How To Choose a Logo

Designing a logo for your business can be a challenging undertaking—involving time, resources and internal debate. Sometimes the logo choice is clear, but too often a logo design is held up when the decision making becomes harder than it needs to be.

We understand—a logo sets the stage for the rest of your brand. Many times it’s the first thing your clients will see and use to remember your firm by, so it should be taken seriously. So here’s what you should keep in mind when presented with logo redesign concepts:

It has staying power

An effective logo can last you for decades. Don’t pick a logo that’s “trendy” or may become irrelevant over time. It’s best to avoid over stylized fonts or design gimmicks like gradients and drop shadows that will go in and out of style. Instead, plan for success. Business owners hope their company will grow year upon year. A logo should be there with you along the way.

It’s unique

Going against the norm is sometimes difficult. In B2B, where so often the logo is a stylized version of the company name using a typeface, think instead of how your logo could differentiate your business. Icon-driven logos are a nice way to present your brand with an image that leaves a mental “stamp” in your prospective clients minds. For example, CPA firm McGladrey utilizes a logo pairing their name in a sans serif font and a simple icon. While the icon is abstract and simple, it expresses growth and partnership.

It’s versatile

A logo can have a myriad of applications. Aside from the obvious (letterhead, business card, website), today a logo can be found on just about anything. Think of pens, golf shirts, car wraps and more. Even if you don’t think your business will be sponsoring a golf tournament any time soon, you may donate to a cause or receive an industry award. Your logo should easily apply to the needs of these applications.

It’s simple

The whole point of a logo is to build recognition. A simplified logo (think Target, Nike, IBM) makes it easier for prospects to process your brand. Humans are bombarded by imagery everyday, so creating something that is easy to recall helps your business long-term.

It doesn’t say everything

While this goes along with simplicity, it’s vital to point out that your logo doesn’t have to communicate every component of your business at first glance.
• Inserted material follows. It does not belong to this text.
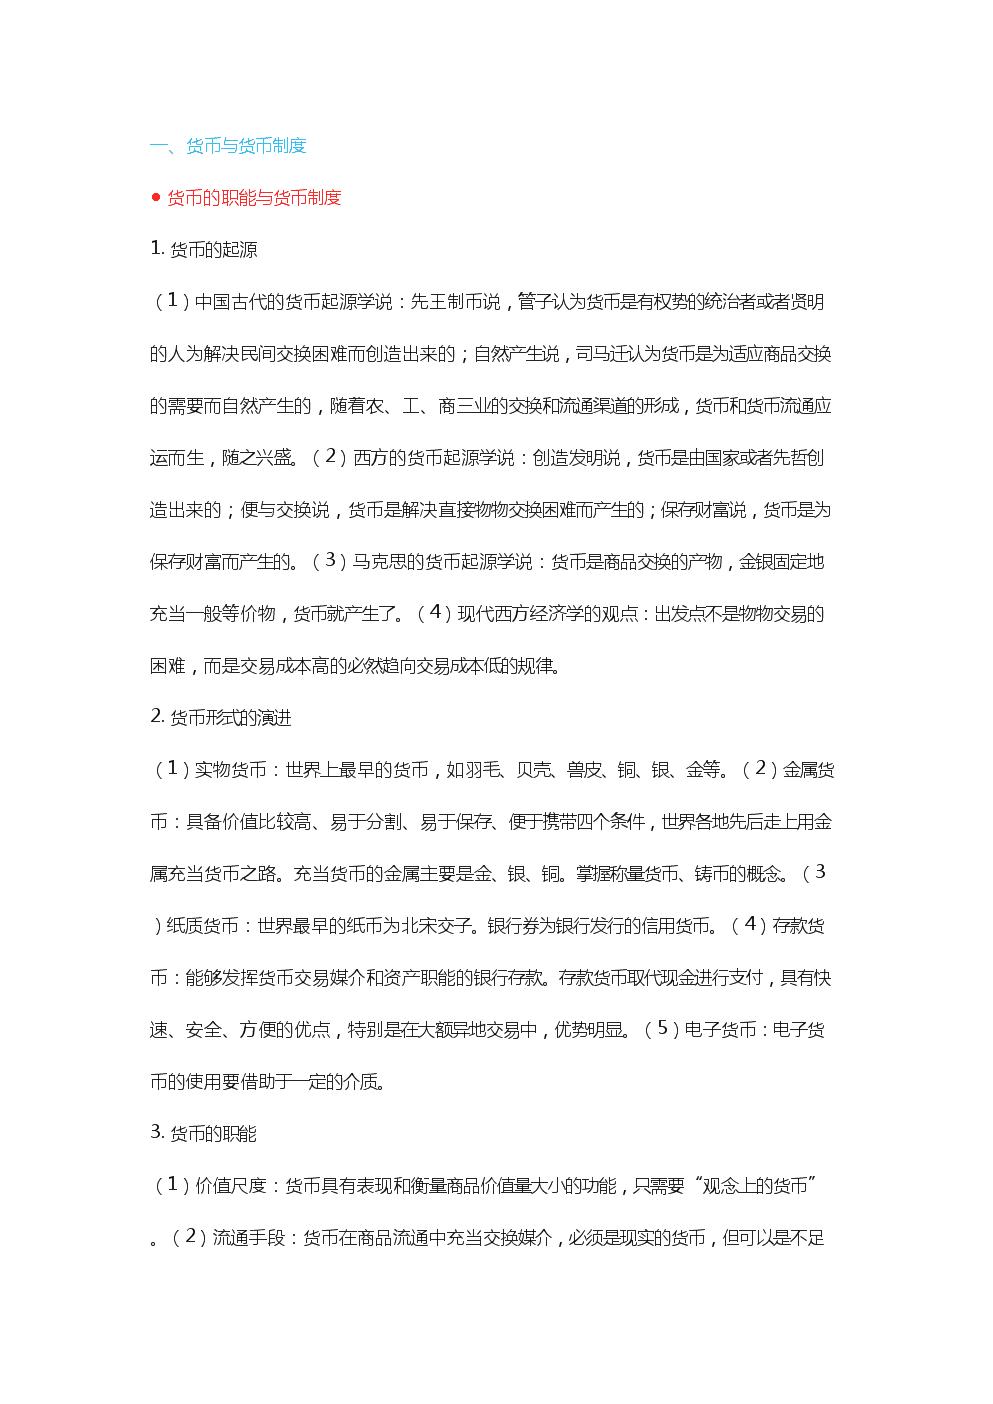 金融专硕431-金融学重点的复习知识点.doc
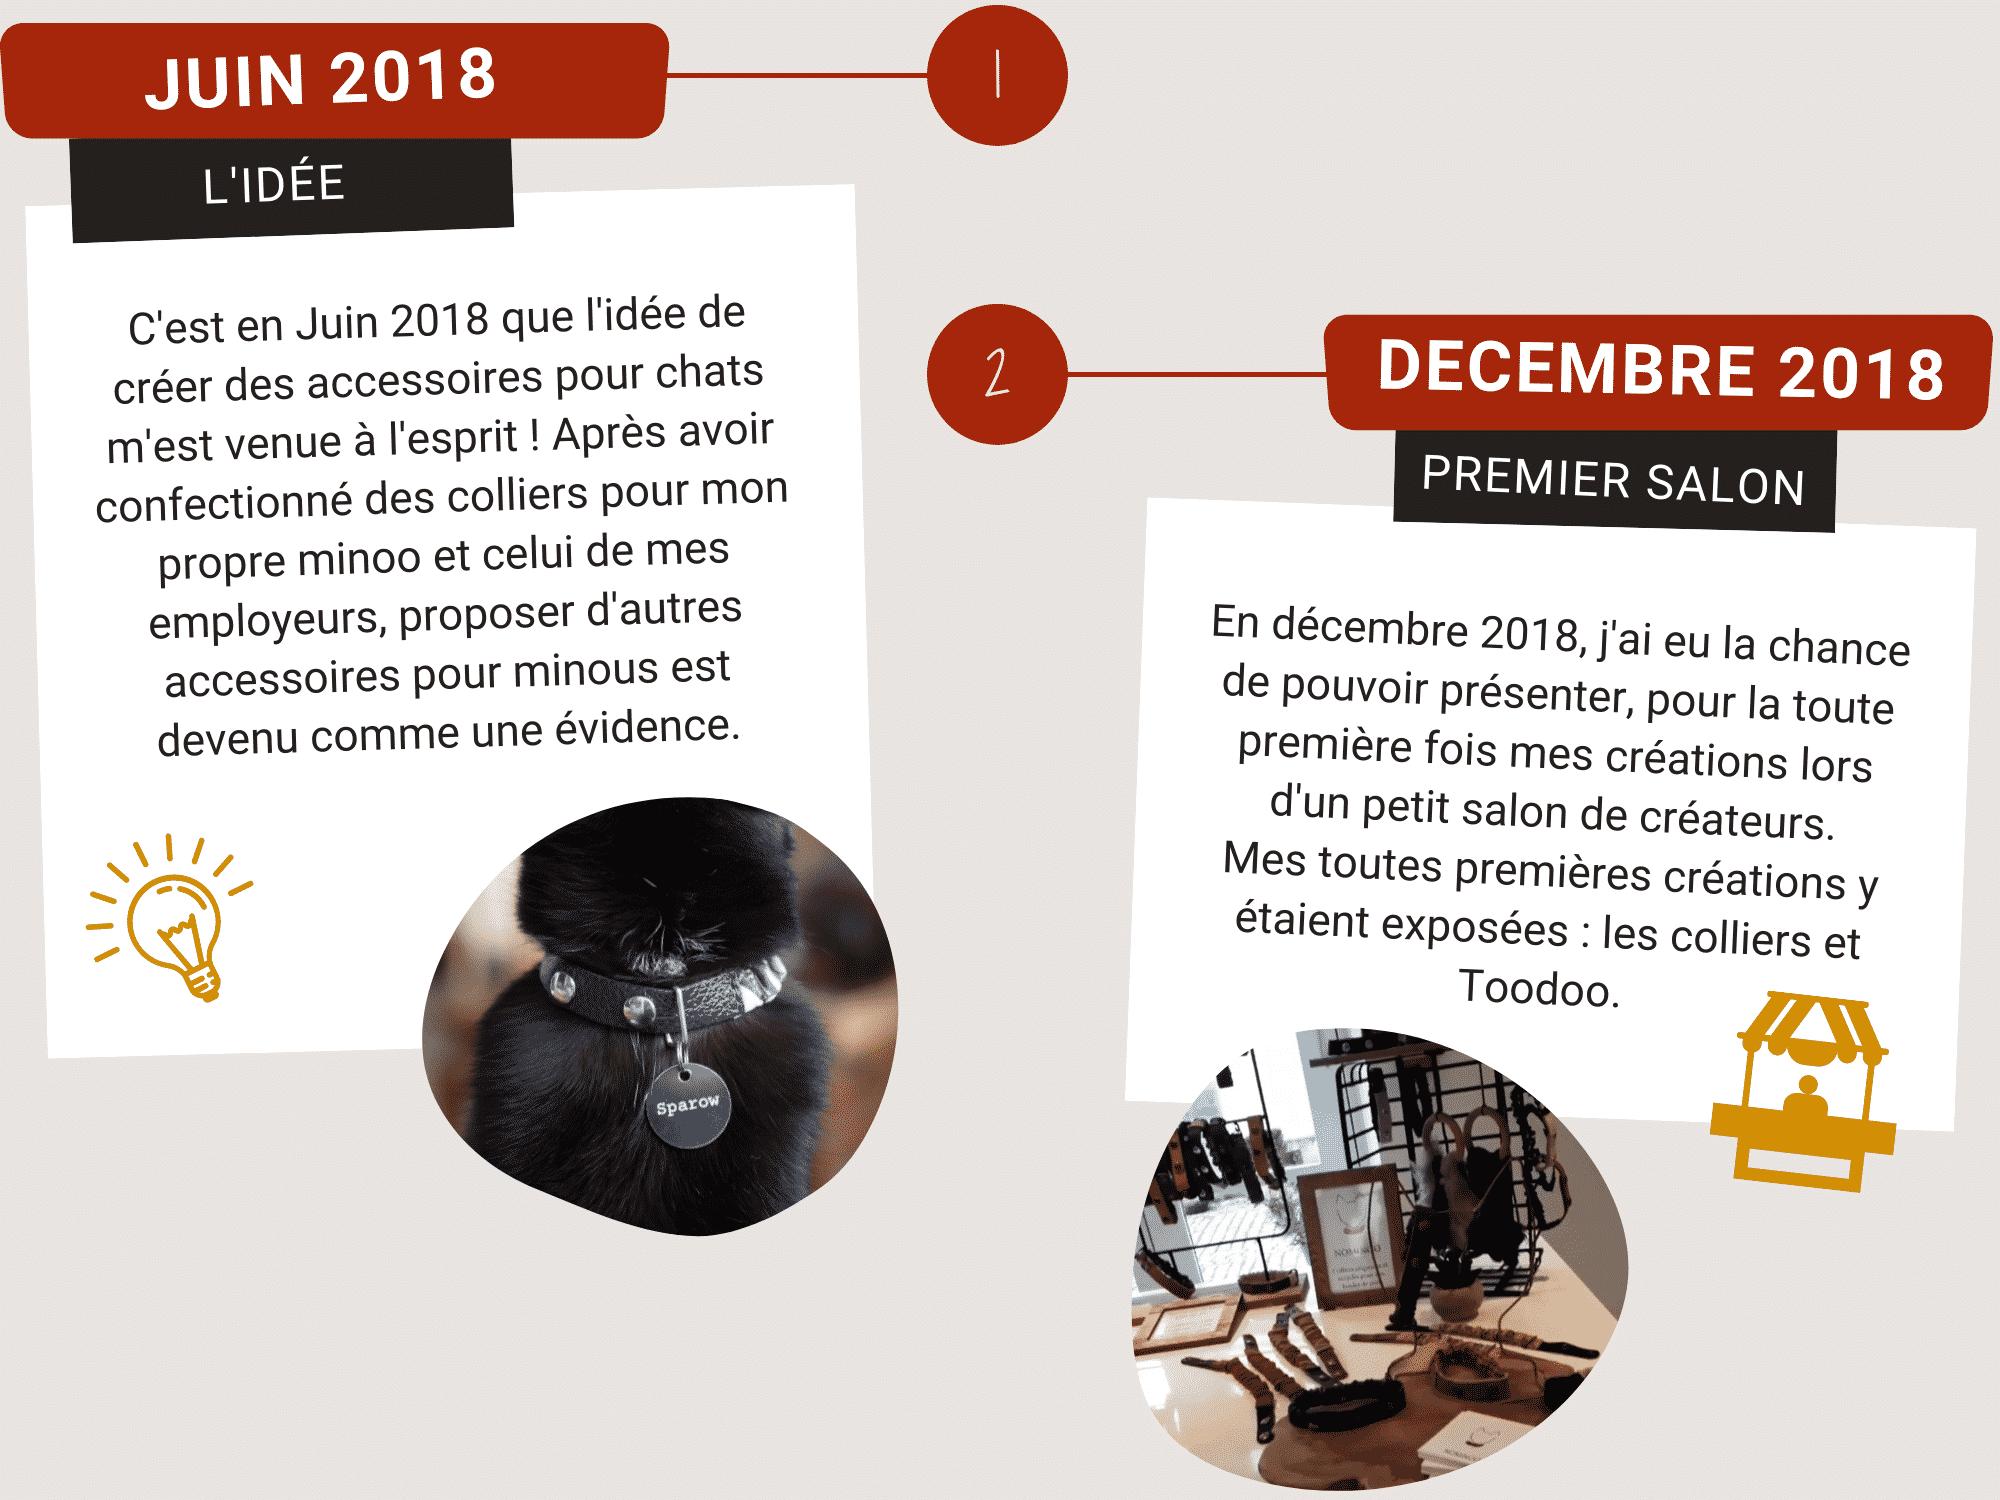 A propos de Nominoo en Juin 2018 et décembre 2018. L'idée de Nominoo est née. Premier salon de créateurs pour exposer les créations Nominoo.

A literal logo design can pigeonhole your firm. Going back to McGladrey, their business has grown from CPA services and tax consulting to include retirement resources and wealth management. Their logo doesn’t visually represent any of those practices, rather it’s an abstract metaphor, leaving room for future growth and new service deliveries.

It’s consistent

The application of your logo must be extremely consistent. That’s why companies (big and small) utilize brand guides that dictate how a logo should and should not be used. It’s the consistent application over and over again that helps the client link the brand mark with the company. This consistent application is made easier when the logo is both versatile and simple.

Don’t overthink it

If you’re feeling overwhelmed or uninspired by options, remember that picking a logo doesn’t need to incite some overpowering emotion. Many times business owners focus too long on a logo, going through ten or more revision rounds, forsaking the benefit of having a professionally designed logo in the first place. Remember, you don’t need to love it right away. Ask to see the logo in a few applications (e.g. on a website homepage, a business card, social media profile) so you can gain a better picture of what it looks like in its “natural environment.”

Limit the peanut gallery

This is a critical step to pick out a new logo. Logos in the end are very subjective and should ultimately reflect the vision of its leader. With this in mind, limit the number of opinions to no more than three trusted colleagues. More than that and you’ll receive contradictory feedback and no decisions.

Over time the consistent application of your logo and the forward momentum of your business is what gives your logo or brand mark its real value. When the Target executives first saw their logo, their socks weren’t knocked off.  It’s the application of their logo, corporate culture and tremendous business growth, that have given strength to such a brand.